Dimulai dari cover, kadang kita sering mendengar ada pernyataan jangan menilai isi buku dari covernya, tapi klo buku itu disegel kita kan hanya bisa melihat cover serta membaca synopsis yang terdapat dalam cover, klo dari cover sudah ga menarik pasti mo lihat isinya juga sedikit malas, itu kalo saya hehe.. Dari cover saya menilai sangat bagus ada gambar mahkota warna gold dengan background warna hitam dan langit jingga dengan siluet peperangan dua pasukan, itu sudah sangat representative sekali untuk menggambarkan isinya. Pasti keren,  itu yang terlintas dalam pemikiran saya. Nah sekarang kita masuk ke gaya penulisan (anggap saya orang ahli bahasa hahaha…padahal nulis di blog aja sangat berlepotan tata bahasa saya, mohon ijin kepada para ahli bahasa ya..)

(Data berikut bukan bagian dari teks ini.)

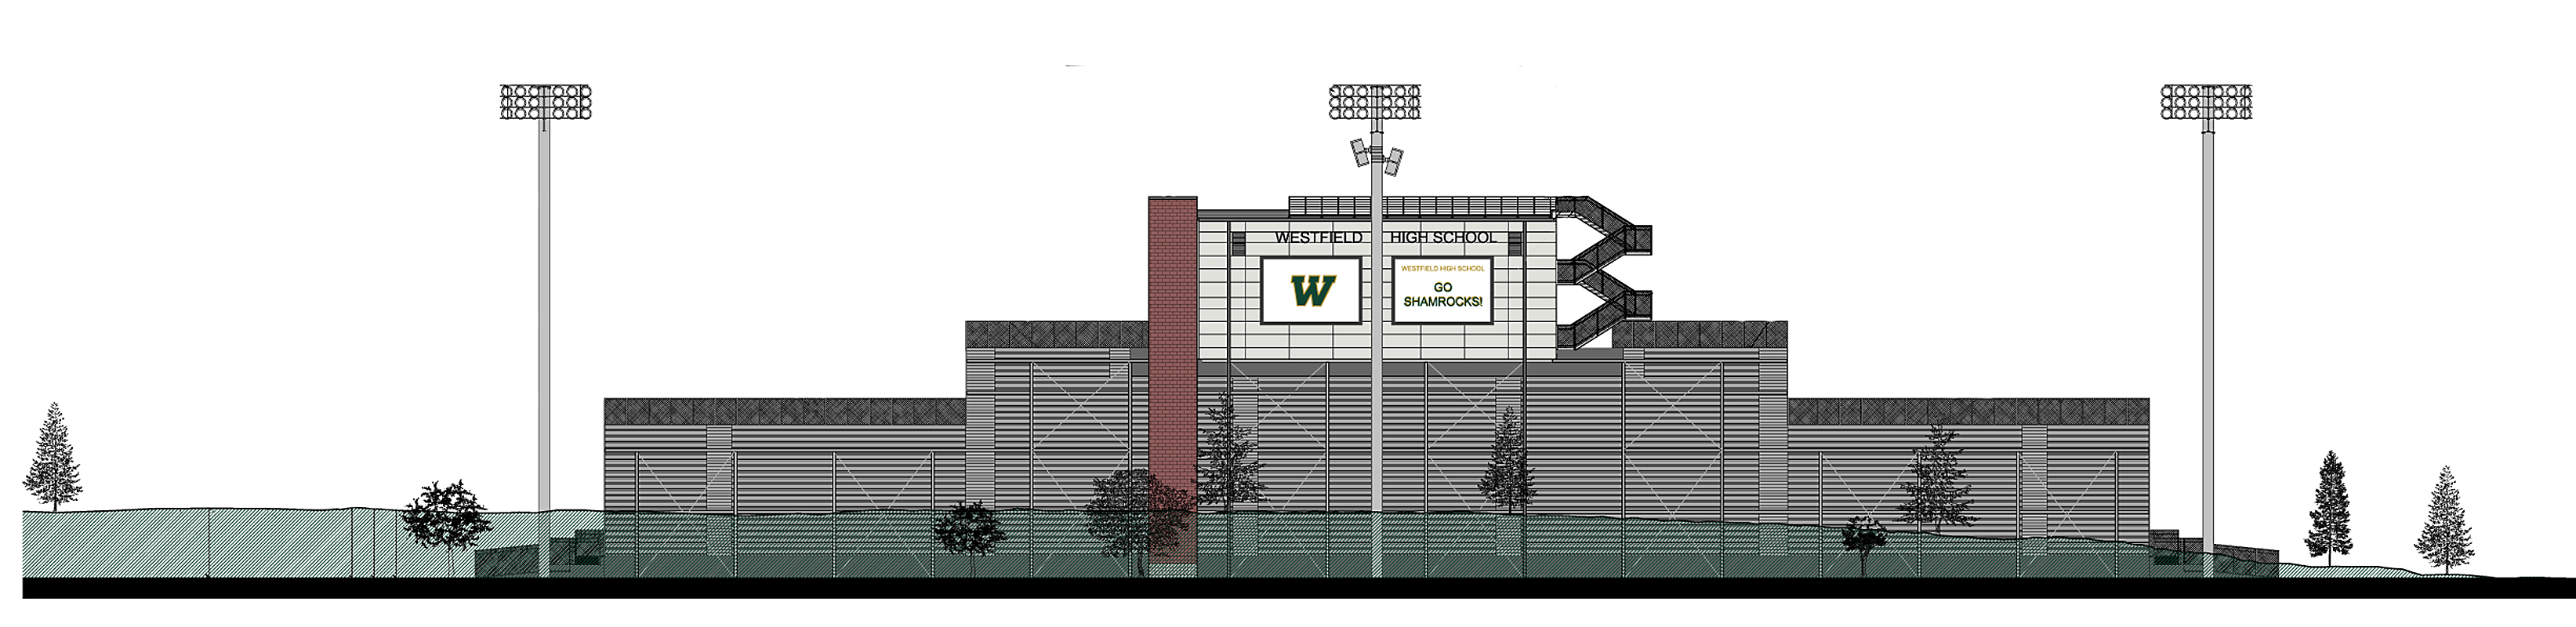 Original development plans have six foot fencing and columns around the entire stadium along with other landscaping but city ordinances may require a brick wall to hide bleacher seats from U.S. 31. (Submitted rendering)

Dari bab satu saya sudah dibuat terpana dengan gaya penulisannya, sangat tertata apik dan indah. Saat penulis mendiskripsikan suasana maka pembacanya seakan bisa ikut serta merasakan suasana tersebut, selain itu buku tersebut membuat orang mengenal beberapa sebutan jabatan yang digunakan orang jaman dahulu  kalau sekarang kayak menteri-menteri dan panglima gitu deh…kalau dulu ada Mahapatih yang dibantu oleh beberapa senopati dibawah senopati ada bekel dibawah bekel ada lurah prajurit. Selain itu juga ada panggilan Bhre / Bhatara (bukan bro lho ya…) yaitu suatu gelar yang diberikan kepada kerabat bangsawan sesuai dengan daerah kekuasaannya.  Begitu seterusnya sampai bab terakhir gaya penulisannya tetap indah menurut saya, akan tetapi saya menyayangkan beberapa part yang alurnya sedikit tergesa-gesa. Mungkin karena saya menikmati dari setiap alur sehingga merasa sangat sayang jika ceritanya disingkat.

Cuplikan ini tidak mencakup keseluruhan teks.